Hello fellow grass lovers,

Newbie here with a mediocre lawn that was the builders special with our new construction home. It has always been very thin and patchy - I'm sure my 'attempts' at overseeding/etc to fix didn't help much. We are located just outside of Toronto.

The general plan for the year is to:
- Proper de-thatch in spring (done, two yard waste bags full)
- Soil test and fertilize in spring
- Aeration, overseed, top dress, fertilize in fall.

The soil test has come back and I am seeking some guidance on fertilizer/etc for this spring.


----------



## g-man (Jun 15, 2017)

Do you know the test methods for this test? Is this all the test results (no calcium?)


----------



## MisterMatt (Apr 8, 2020)

That's it .. other than a page where you could do calculations on the results and levels to determine what you may need for fertilizer amounts.

Doesn't layout the test methodology but I could probably get that from the lab itself.


----------



## Chris1 (Apr 22, 2020)

results are some what limited , you could try another lab. PH is high , need sulfur and possibly gypsum . phos , K and OM are low


----------



## Ridgerunner (May 16, 2017)

You'll need to call the lab and ask which extractant method was used to extract the major cation (Mg and K-potassium) and what extractant was used for P (phosphorous). Different extractants produce different results and it's necessary to know which extractant were used to determine nutrient deficiencies or excesses and to estimate needed application rates.


----------



## CanadianGrassMan (Apr 25, 2020)

where did you get your soil tested?


----------



## MisterMatt (Apr 8, 2020)

Agriculture Lab at University of Guelph


----------



## Ridgerunner (May 16, 2017)

University of Guelph uses Bicarbonate (Olsen) for P and Ammonium Acetate for Mg and K and Walkley Black method for OM. With a pH of 7.9, Ca should be abundant.

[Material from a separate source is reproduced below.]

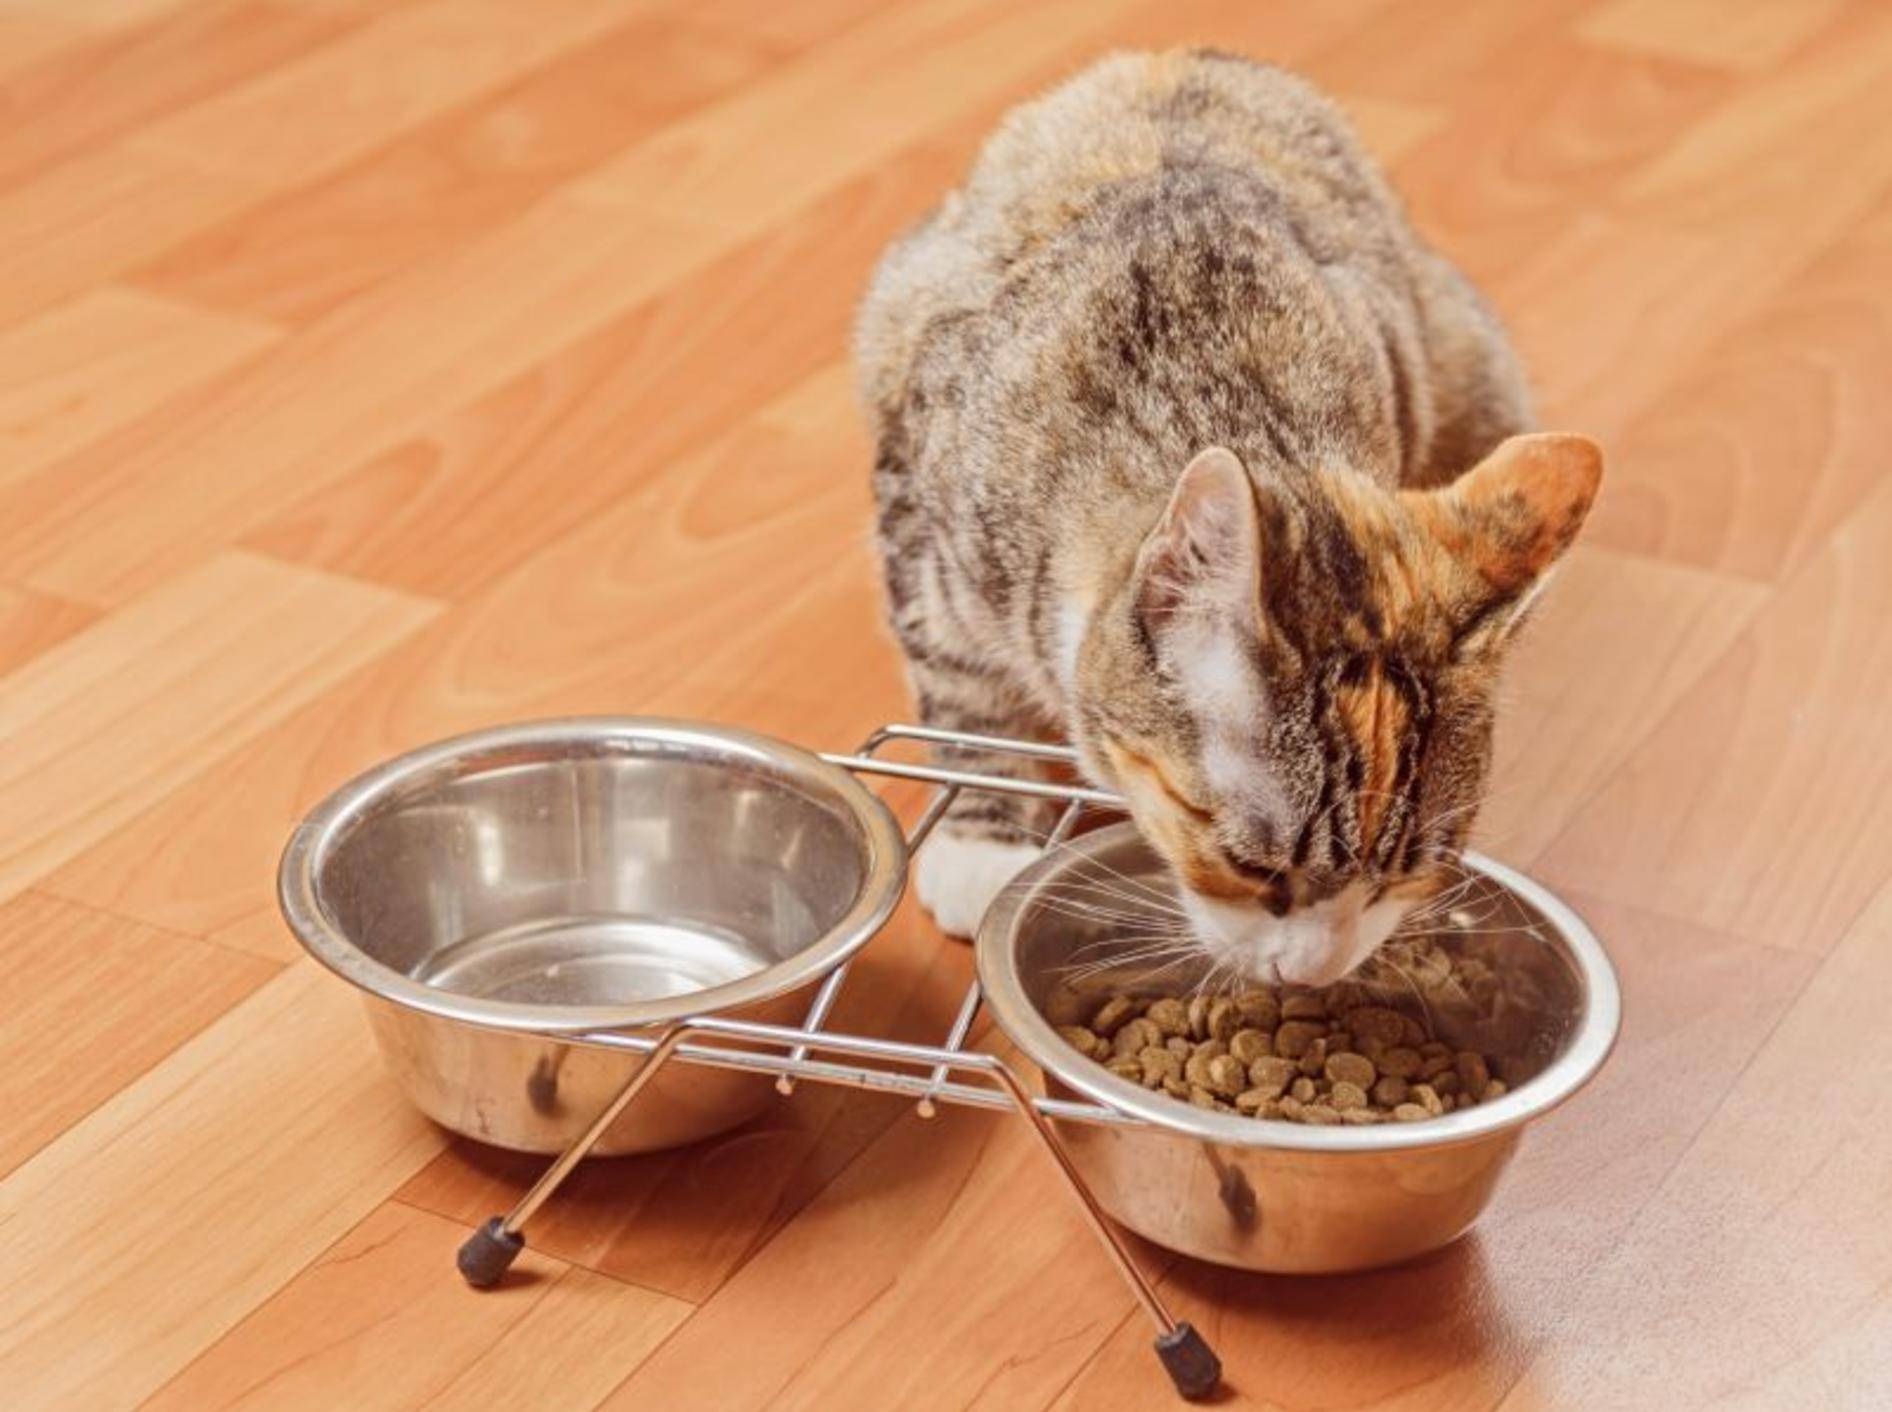 Mit Nahrungsergänzung kann die Katze im Fellwechsel unterstützt werden – Bild: Shutterstock / Poprotskiy Alexey

If I recall correctly: 1 mg/l = 1 ppm, but Google to verify.

Olsen
Sufficiency Range (ppm): 12-28

Ammonium Acetate pH7
Sufficiency Range Ranges (ppm)
Ca: 500-750
Mg: 140-250, 100-200 for sands
K: 100-235, 75-175 for sands
S: 30-60


----------



## doverosx (Aug 7, 2019)

Thanks for the conversion, I also had Guelph university sample my soil.


----------